Grampo entre Temer e Loures sobre portos pode gerar novo inquérito

Grampo entre Temer e Loures sobre portos pode gerar novo inquérito

Procuradoria-Geral da República deve pedir investigação sobre deputado do PMDB, por suspeita de tráfico de influência; investigadores ainda avaliam o caso para definir se o presidente deve ou não ser incluído no pedido de investigação

Beatriz Bulla, de Brasília

25 de maio de 2017 | 20h32

Michel Temer e Ricardo Rocha Loures. Foto: JBatista / Agencia Camara

Uma conversa por telefone na qual o presidente Michel Temer fala com o deputado afastado Rodrigo Rocha Loures (PMDB-PR), interceptada pela Polícia Federal, pode gerar um novo pedido de inquérito ao Supremo Tribunal Federal (STF). A informação foi revelada pelo jornal Folha de S.Paulo e confirmada pelo Estado.

No dia 4 de maio, Temer recebeu ligação de Loures, que estava grampeado. O deputado buscava saber sobre a assinatura do Decreto dos Portos e a conversa durou pouco mais de 2 minutos. O presidente informou o parlamentar que iria assinar o decreto na outra semana.

Depois de falar com Temer, Loures passou informações também por telefone a Ricardo Conrado Mesquita, membro do Conselho Deliberativo da Associação Brasileira dos Terminais Portuários e diretor da empresa Rodrimar, que opera no Porto de Santos.

Em 10 de maio, Temer assinou decreto para facilitar investimentos privados nos portos. Na conversa ao telefone, o presidente indica o que é uma das principais mudanças previstas no decreto, o aumento para 35 anos de prazos dos contratos de arrendatários, prorrogáveis por até 70 anos.

Após Loures comentar que teve informação de que já teria sido assinado o decreto, Temer responde: “Não. Vai ser assinado na quarta-feira à tarde .. Vai ser numa solenidade até, viu?”.

Em outro trecho da conversa, o presidente diz que ‘aquela coisa dos setenta anos lá para todo mundo parece que está acertando aquilo lá…’.

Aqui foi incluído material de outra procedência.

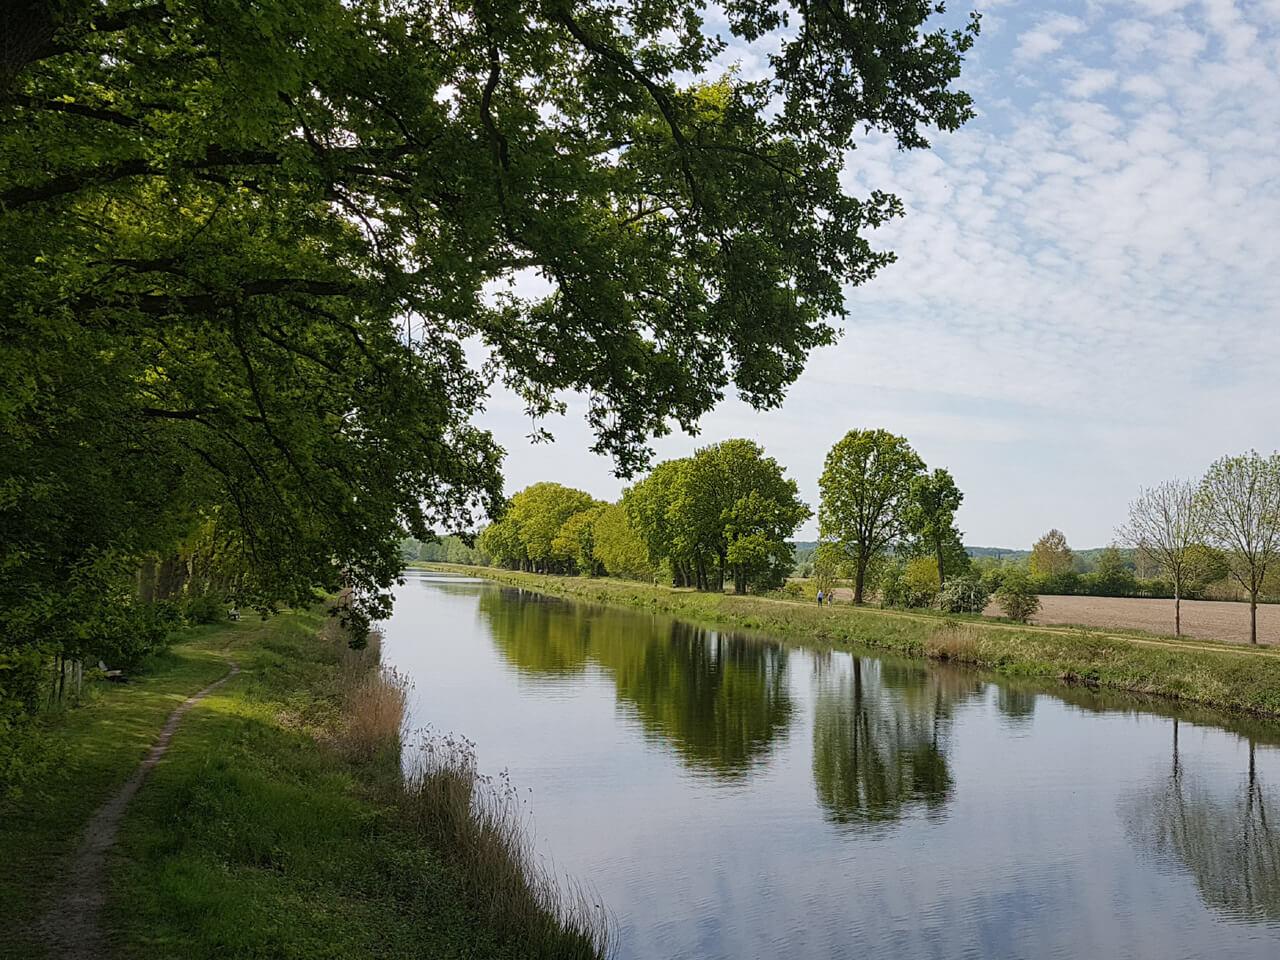 Spaziergang am Elbe-Lübeck-Kanal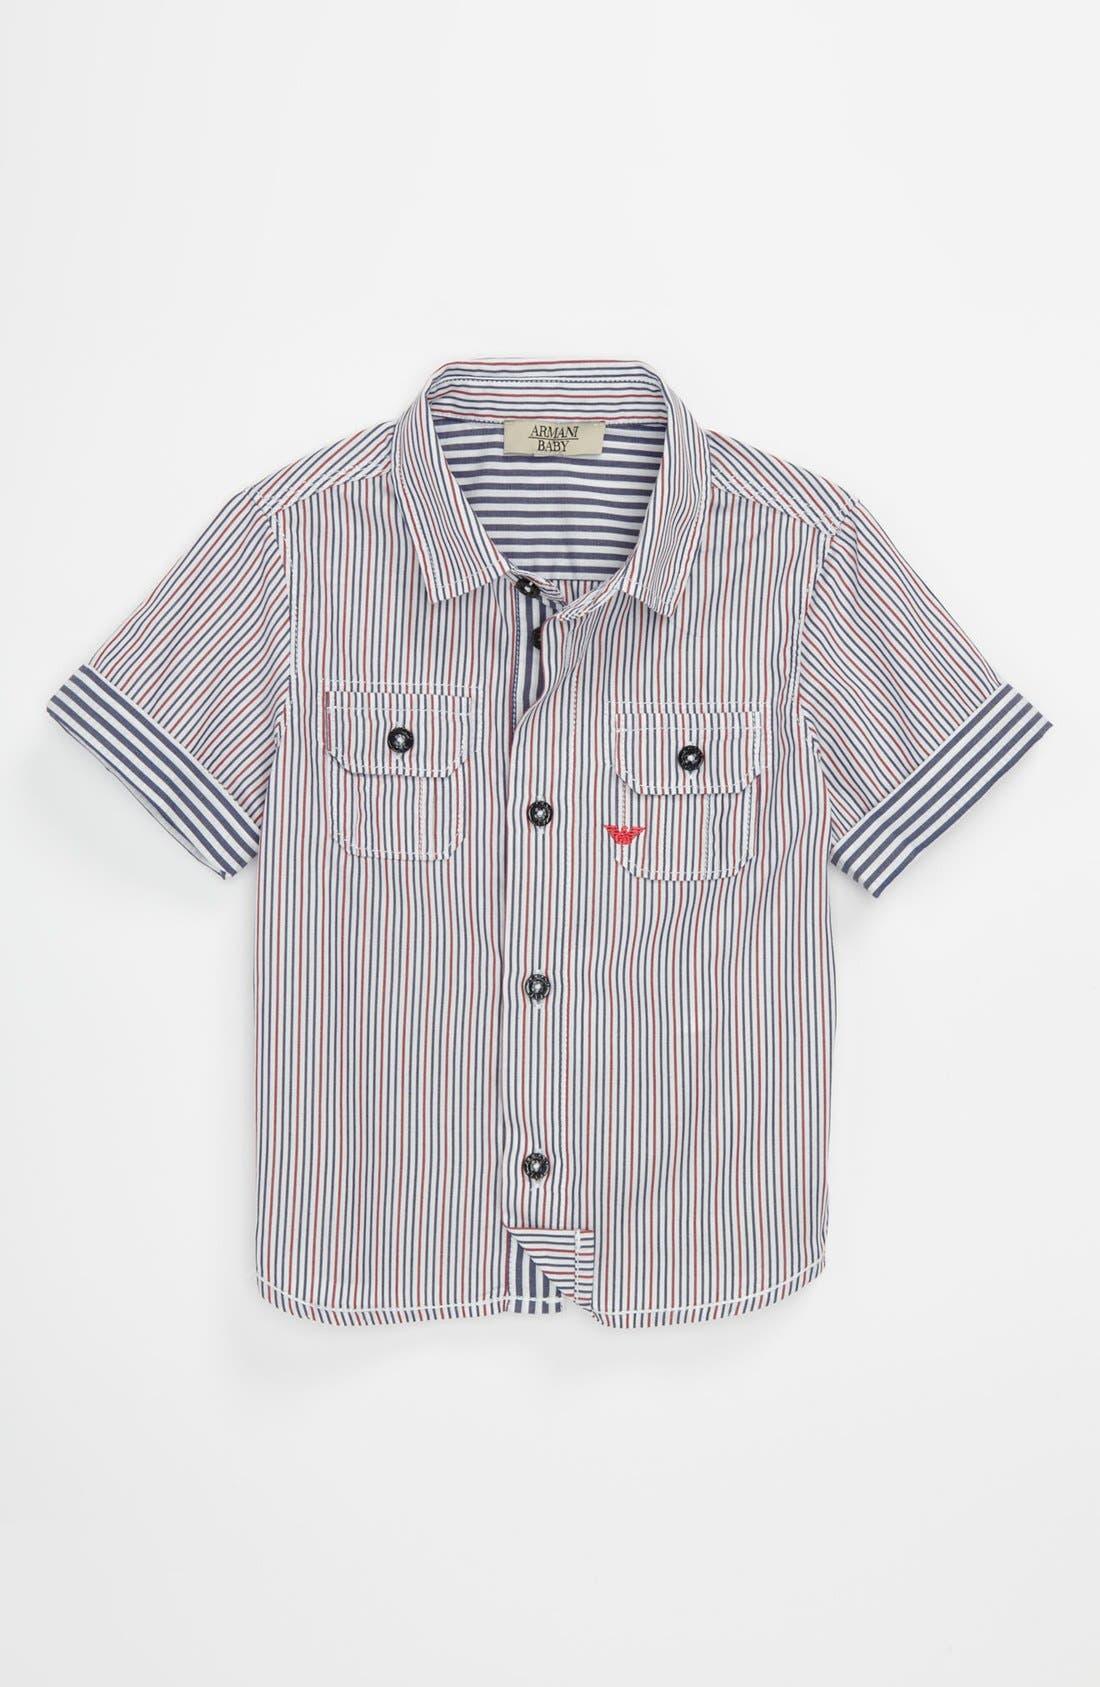 Alternate Image 1 Selected - Armani Junior Stripe Shirt (Baby)

A Procuradoria-Geral da República deve pedir a abertura de inquérito para investigar Loures, por suspeita de tráfico de influência. Os investigadores ainda avaliam o caso para definir se o presidente deve ou não ser incluído no pedido de investigação.

Defesa. Em nota, o Planalto afirma que “houve amplo debate com o setor antes da publicação do decreto de renovação das concessões de portos. Todos os dados são públicos”. O Planalto informa que as conversas não continham nenhum objeto protegido por sigilo tampouco informações privilegiadas.

“Na conversa entre o presidente Michel Temer e o deputado Rodrigo Rocha Loures, somente se revela o dia em que estava programado evento público para assinatura do ato. Sequer o conteúdo foi repassado como informação. Nas conversas subsequentes, o deputado dialoga com empresários e falam da preparação da divulgação, inclusive para a imprensa.

O assunto não comportava nenhum sigilo ou informação privilegiada, apenas a publicação do decreto que finaliza o longo processo de negociação entre o governo e o setor empresarial, como é comum e legítimo em uma democracia”, consta na nota do Planalto.